About 48% of current Medicaid participants are children in households receiving temporary assistance for needy families.

Managed care

Those affected by the initiative are scheduled to be enrolled through a federal waiver approved by the U.S. Centers of Medicare and Medicaid Services in October 2018. CMS has to approve the state’s changes.

Managed care is a system under which people agree to see only certain doctors or go to certain hospitals, as in a health maintenance organization, or HMO, or a preferred provider organization, or PPO, health-insurance plan.

Under the current Medicaid system, providers are paid on a fee-for-service model administered by DHHS.

By contrast, the PHPs will pay healthcare providers a set amount per month for each patient’s costs.
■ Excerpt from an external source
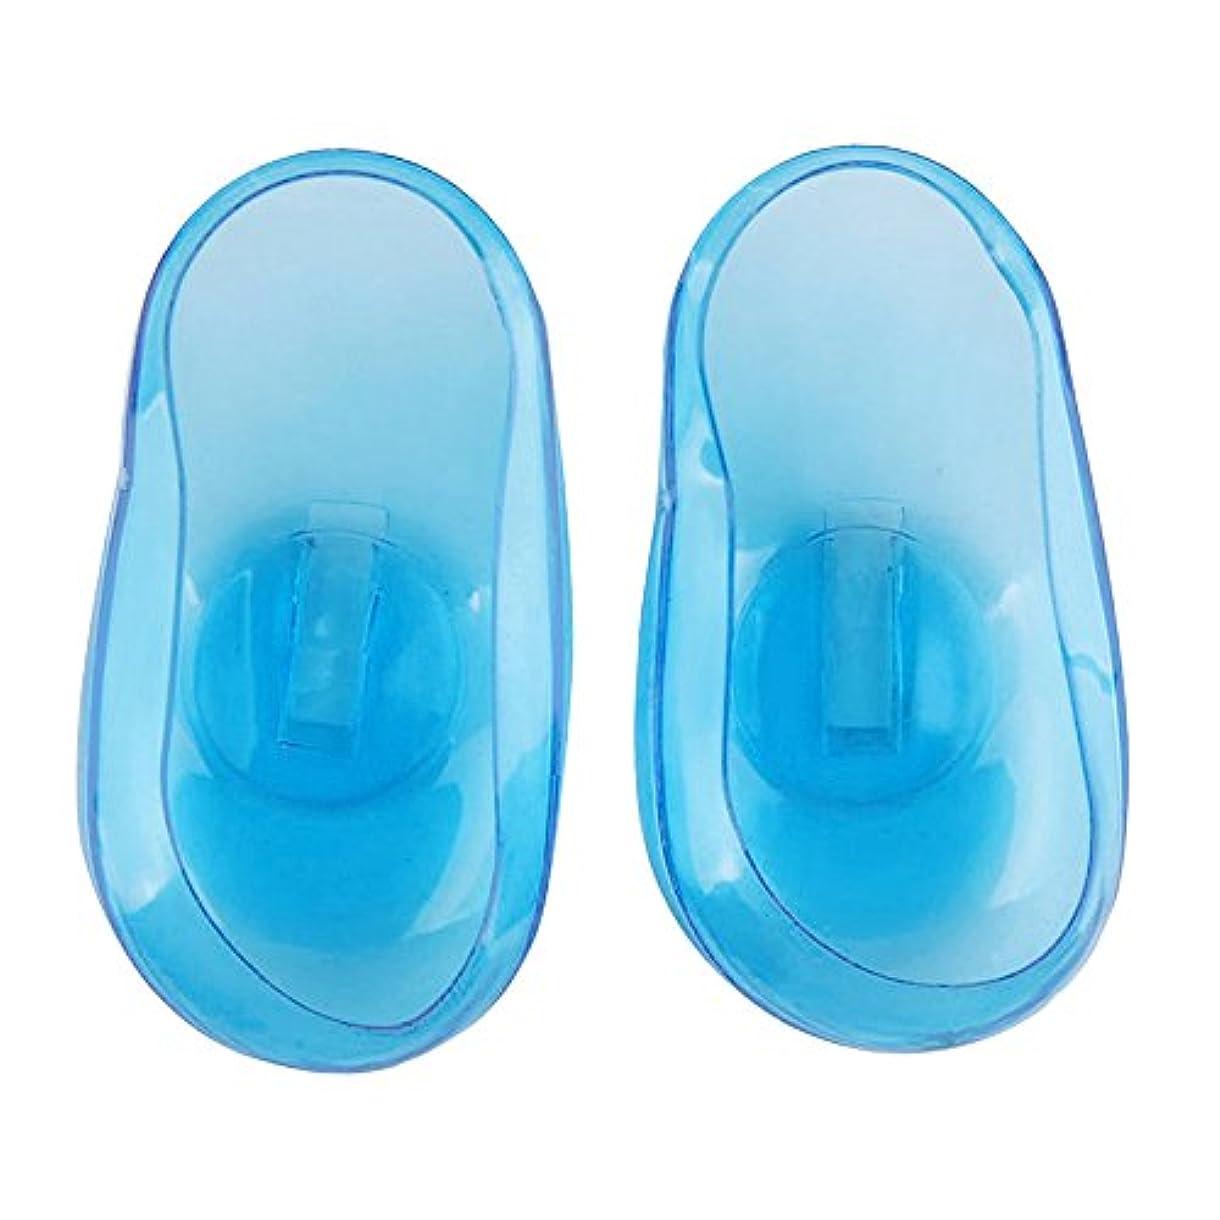 セール残り物くそーMerssavo シリコンプロテクターサロンアクセサリー耳蓋ノイズプロテクターヘアダイシールド(ブルー)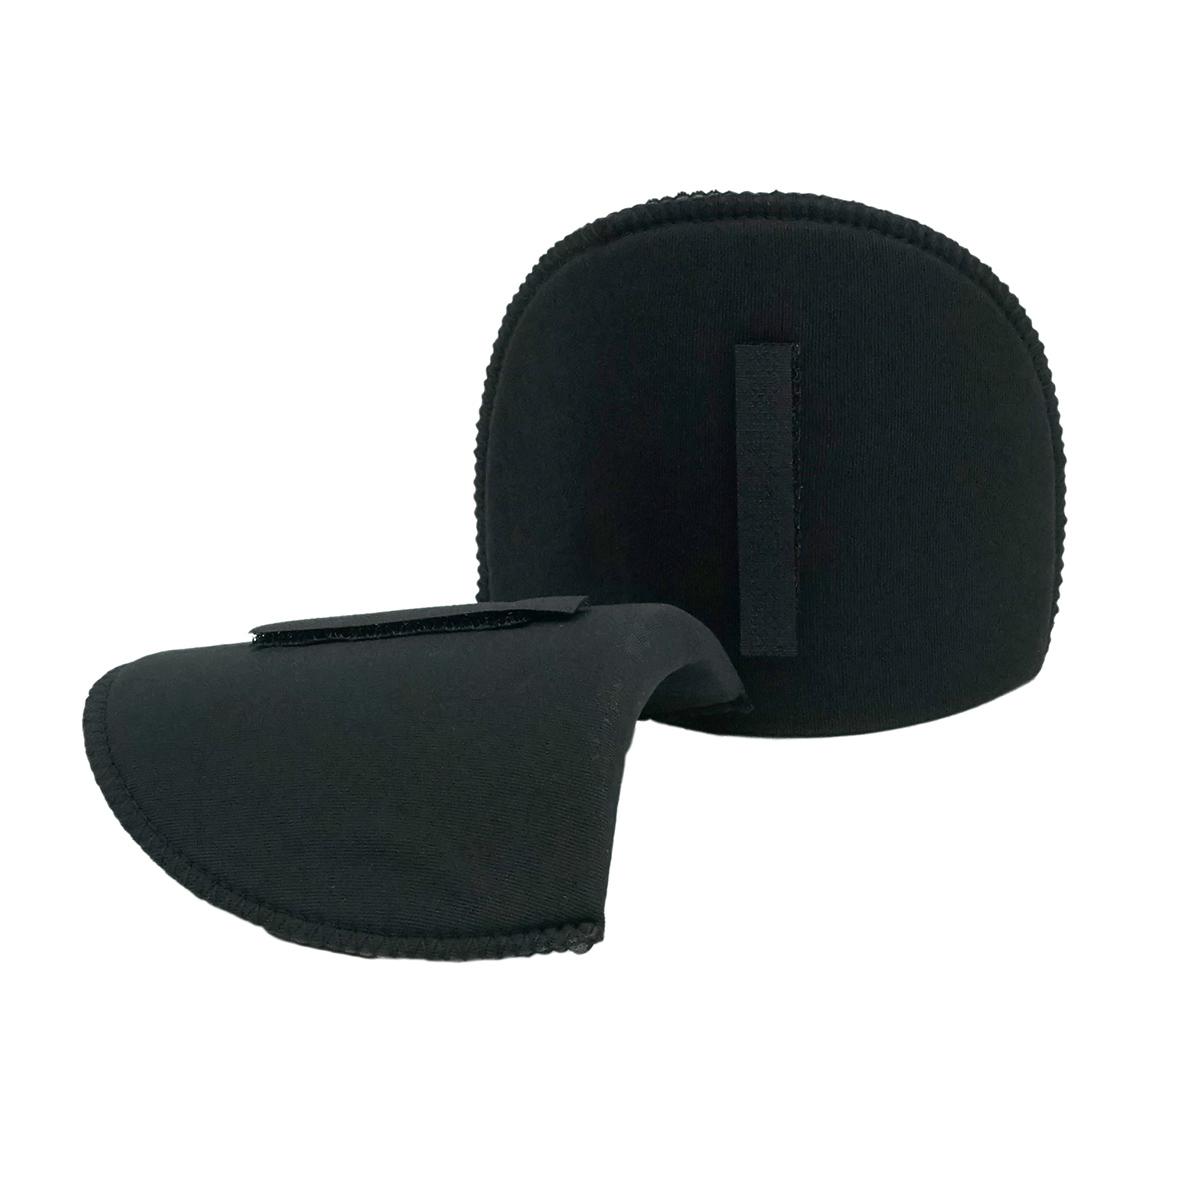 993812 Плечевые накладки с липучкой (S), полумесяц, черный, 125*100*12 мм, упак./ 5 пар, Prym

There will be a limited number of special-needs individuals who will remain with fee-for-service providers.

The next big roll-out step for DHHS is formulating the per-patient rates for providers by November and submitting them to CMS.

DHHS will reimburse the PHPs, and people will be able to choose which PHP they want to sign up for, or a provider will be assigned to them by May 14.

Transformation was supposed to debut initially on Feb. 1, 2020, in the Triad and Triangle, and then statewide on June 1, 2020, before being postponed in November by state health Secretary Dr. Mandy Cohen.

The managed care program is expected to be worth up to $6 billion a year for four years, with an option to continue the contract at the same rate for another year. That represents a change from the original proposal of three years and two option years.

Some of the initial Medicaid transformation funding would go toward patient enrollment-broker contracts, provider credentialing, data analytics and other program-design components.

Blue Cross has said it plans to create 500 jobs for its portion of the transformation.

Centene has committed to creating an East Coast regional headquarters and technology hub in Charlotte with an estimated 6,000 jobs and $1.03 billion capital investment.

Medicaid budget

After having a combined $1.5 billion financing gap during fiscal years 2010-11 through 2012-13, the state’s Medicaid program has been under budget the last seven fiscal years.

The overall state Medicaid budget grew by 7% during fiscal 2019-20 when federal funding and other revenue sources are counted.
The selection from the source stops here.